HOW TO COMPLETE THIS TASK: Copy the listing in full and exactly, omitting its images.

DATASET SECTION:
_ _ _ _ _ _ _

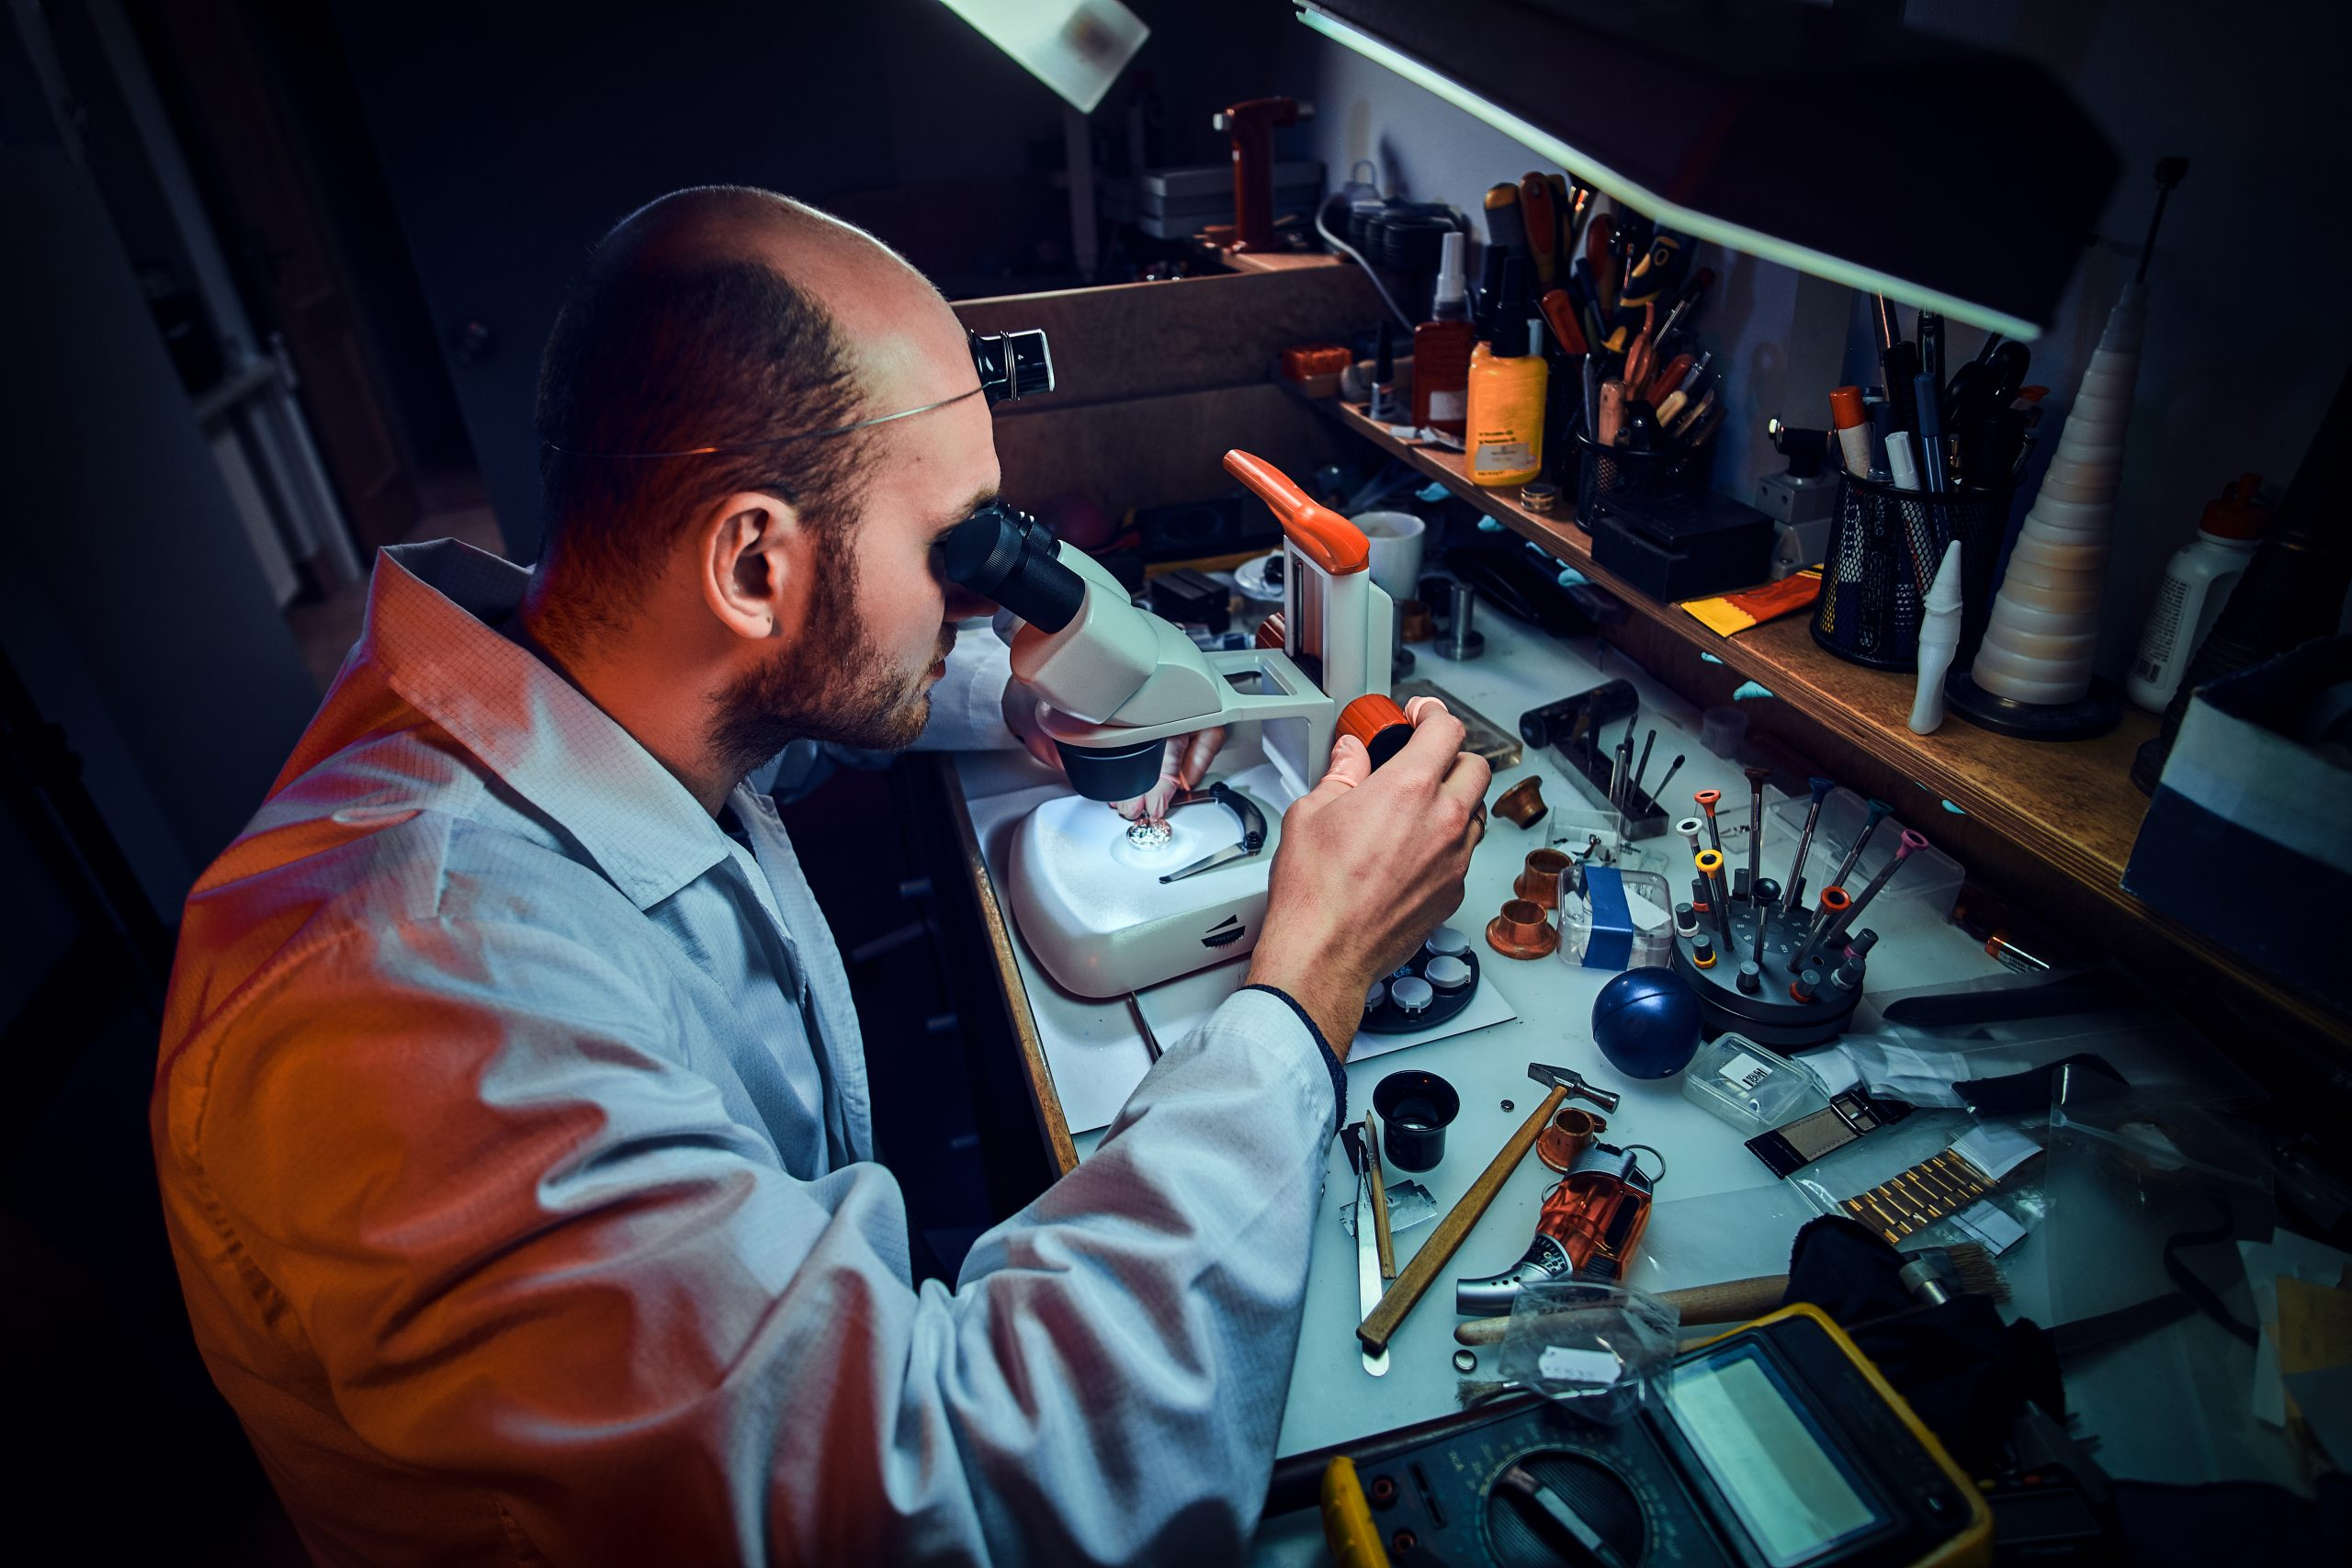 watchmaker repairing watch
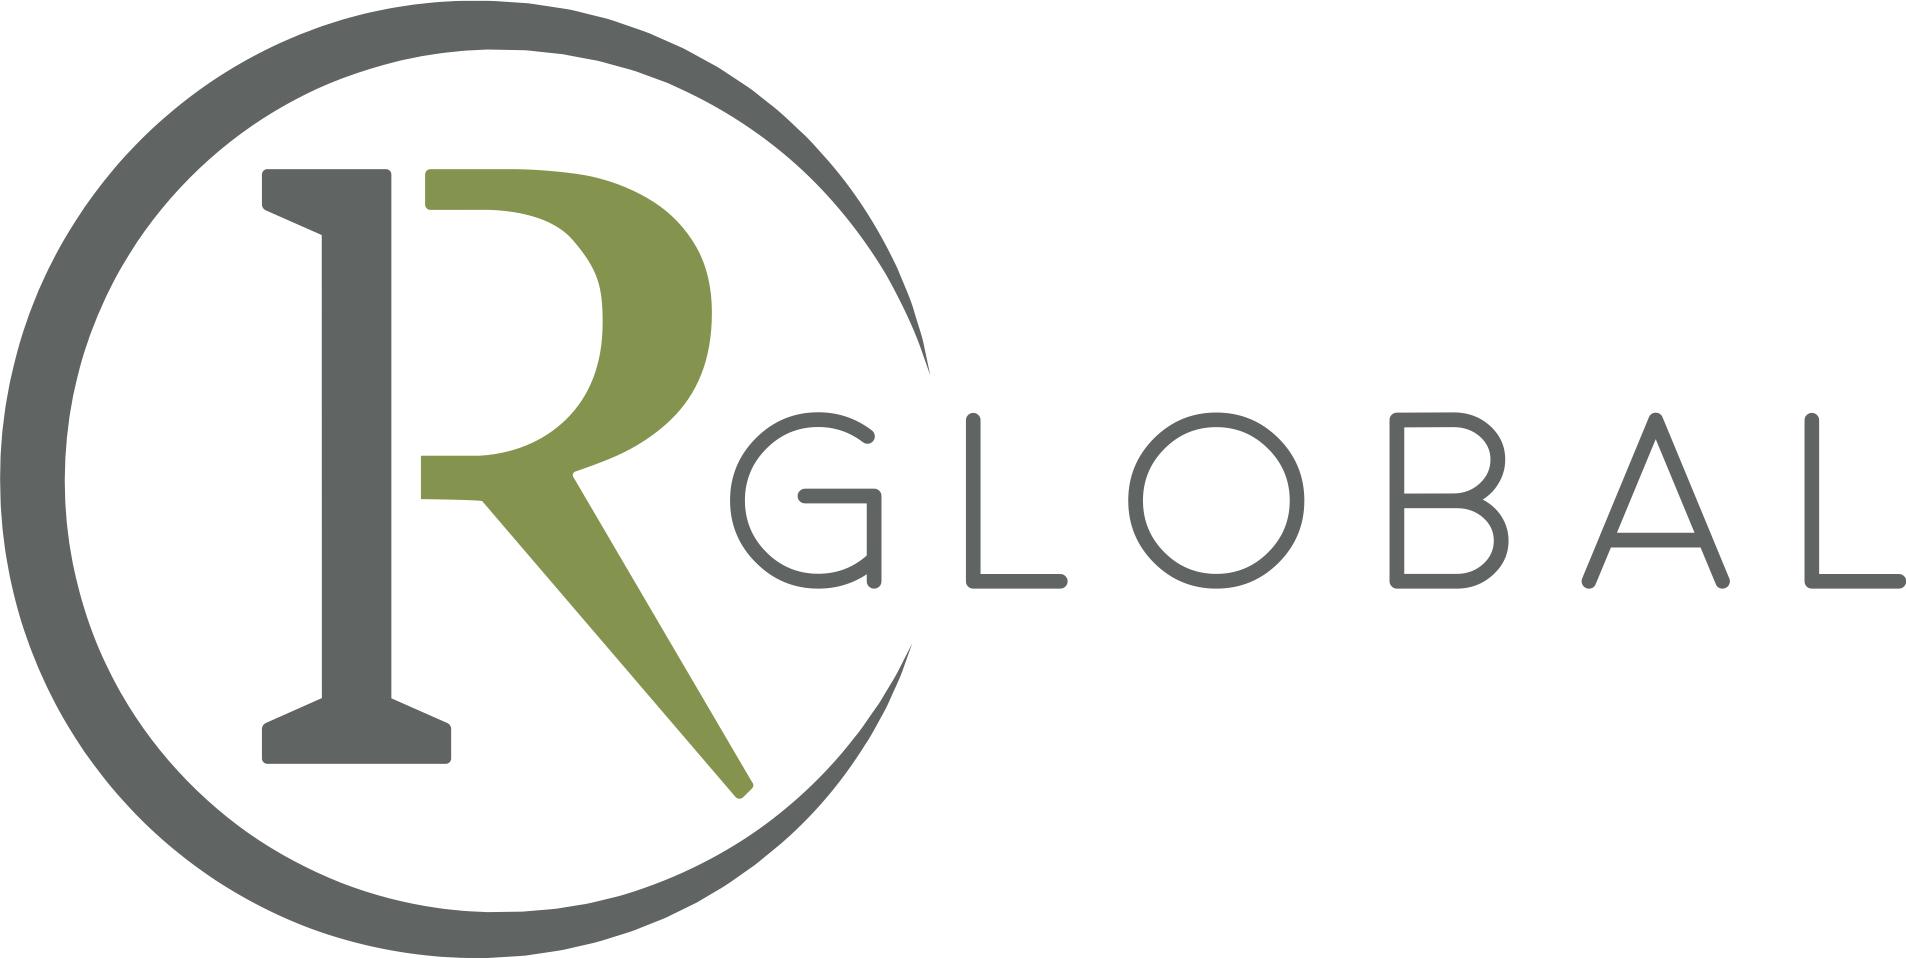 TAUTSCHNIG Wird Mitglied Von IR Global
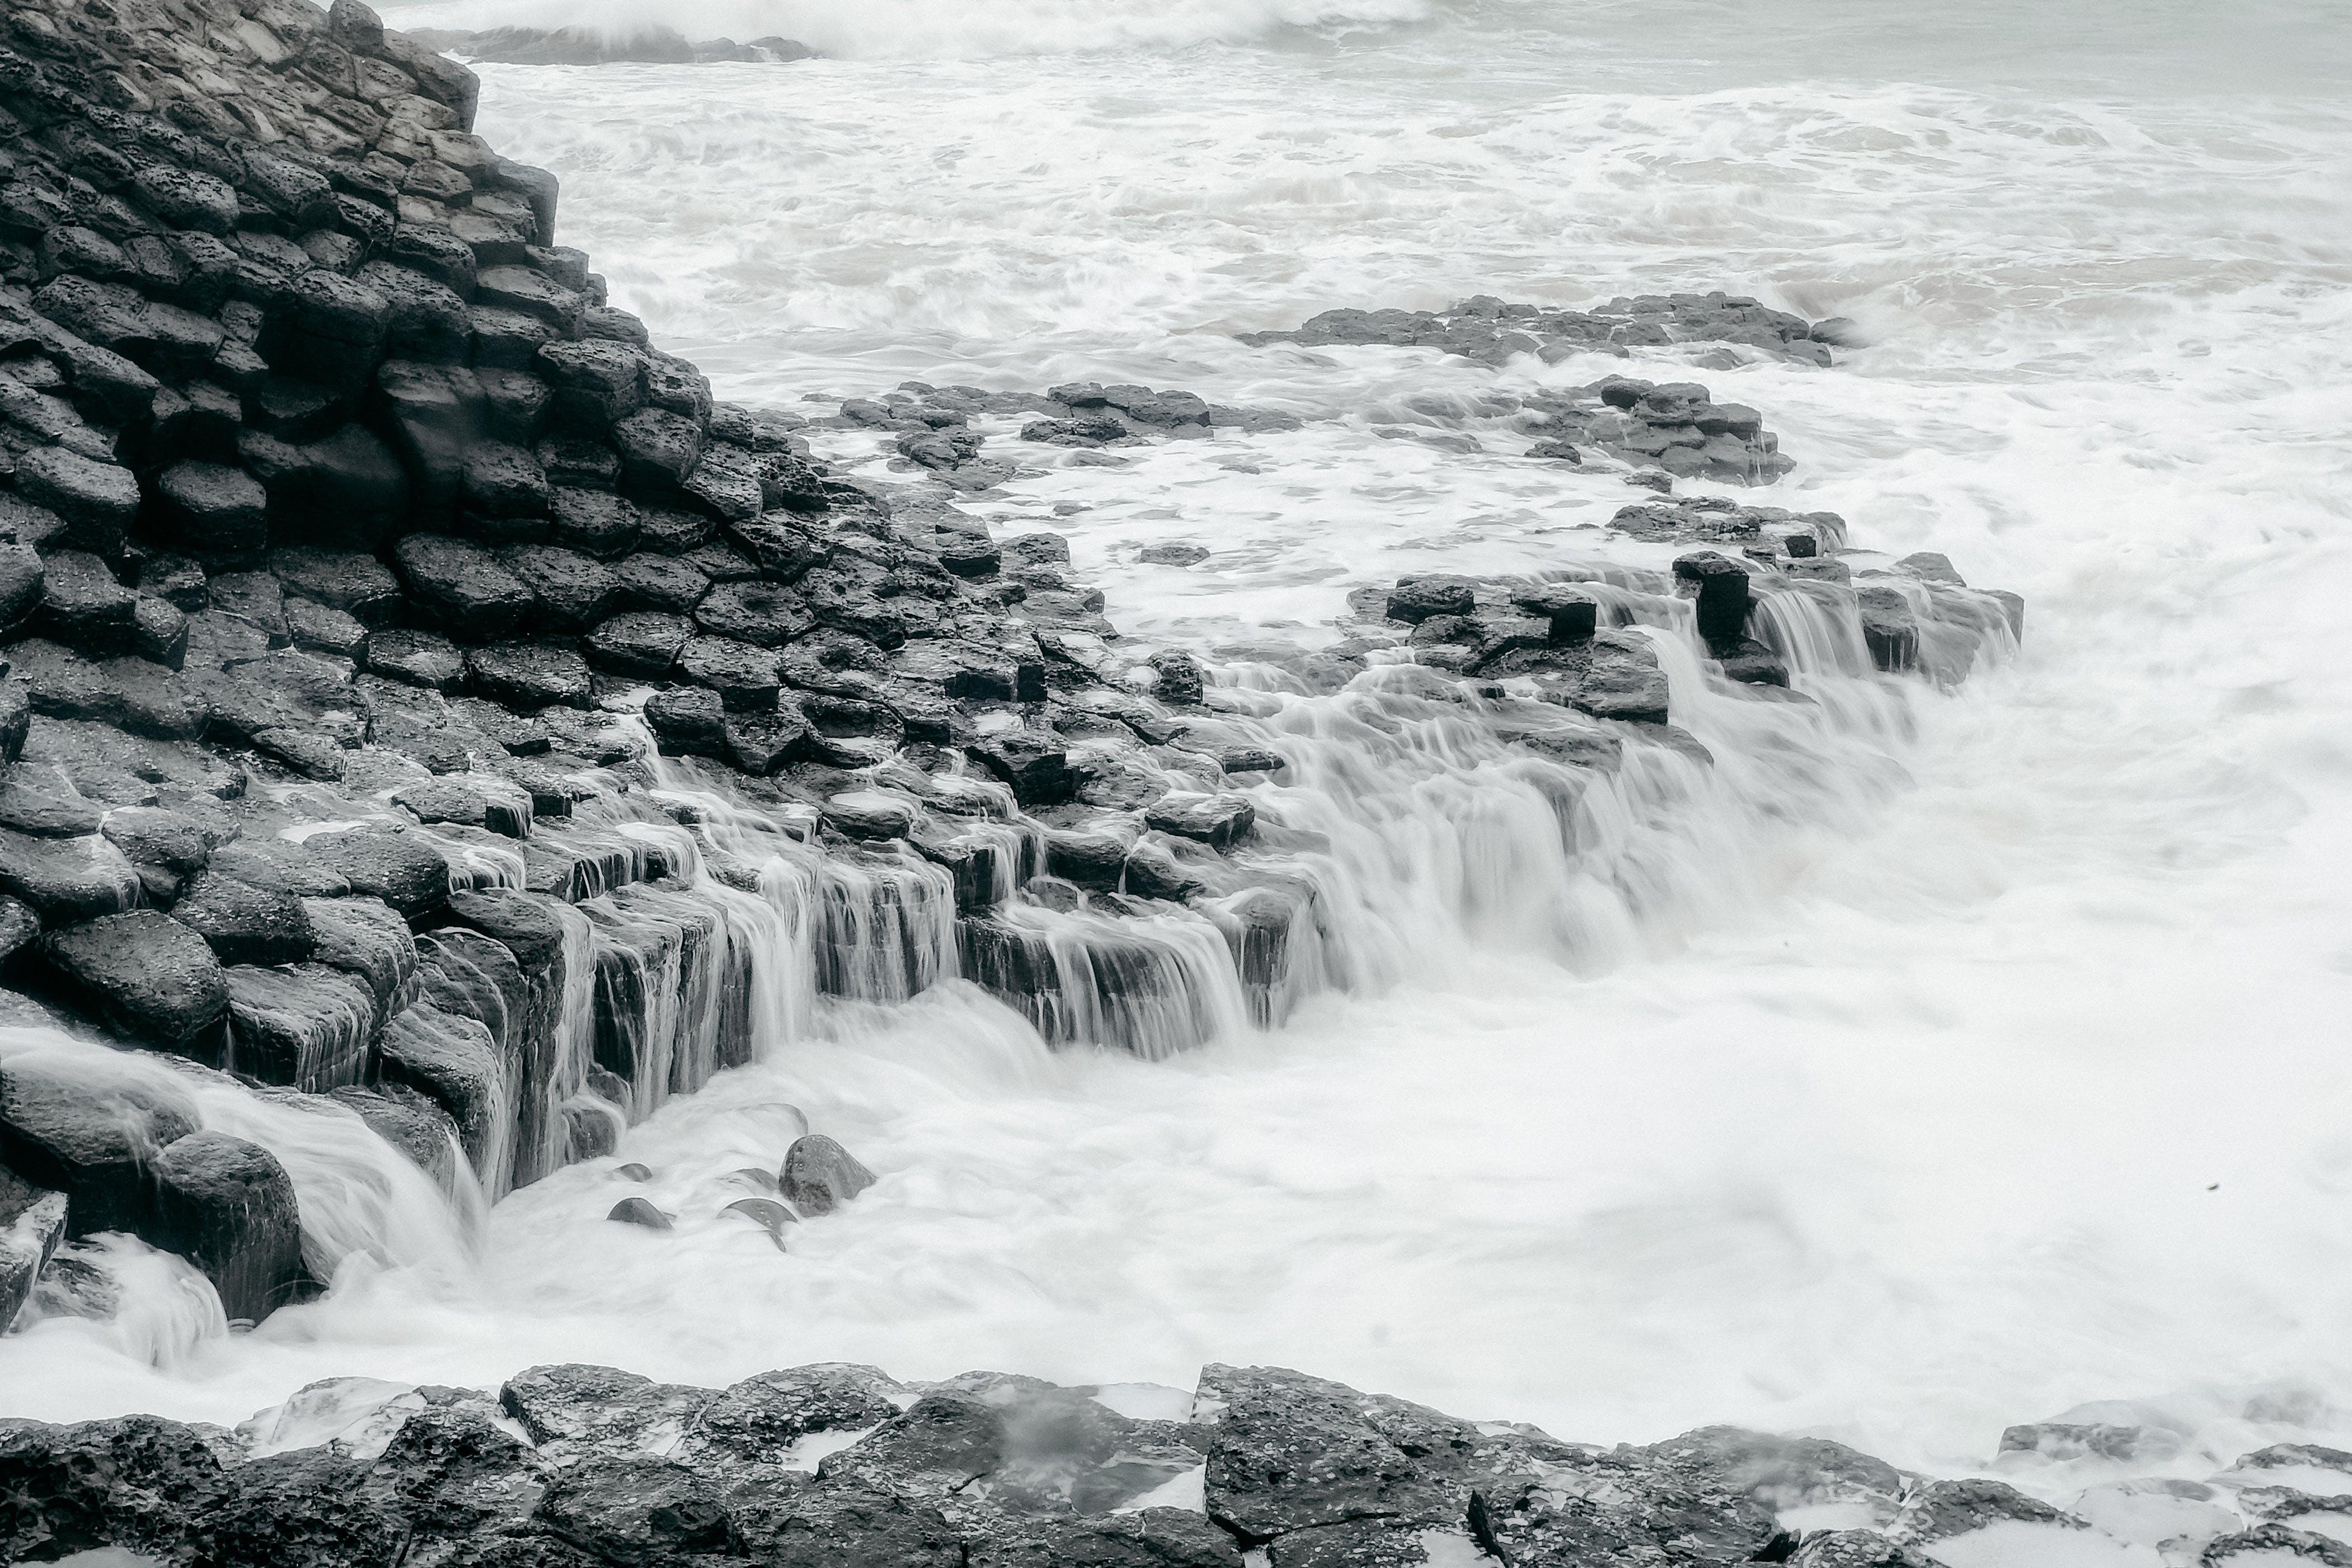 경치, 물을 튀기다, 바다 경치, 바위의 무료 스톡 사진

_ _ _ _ _ _ _

EXPECTED ANSWER:
 watchmaker repairing watch
 TAUTSCHNIG Wird Mitglied Von IR Global
 경치, 물을 튀기다, 바다 경치, 바위의 무료 스톡 사진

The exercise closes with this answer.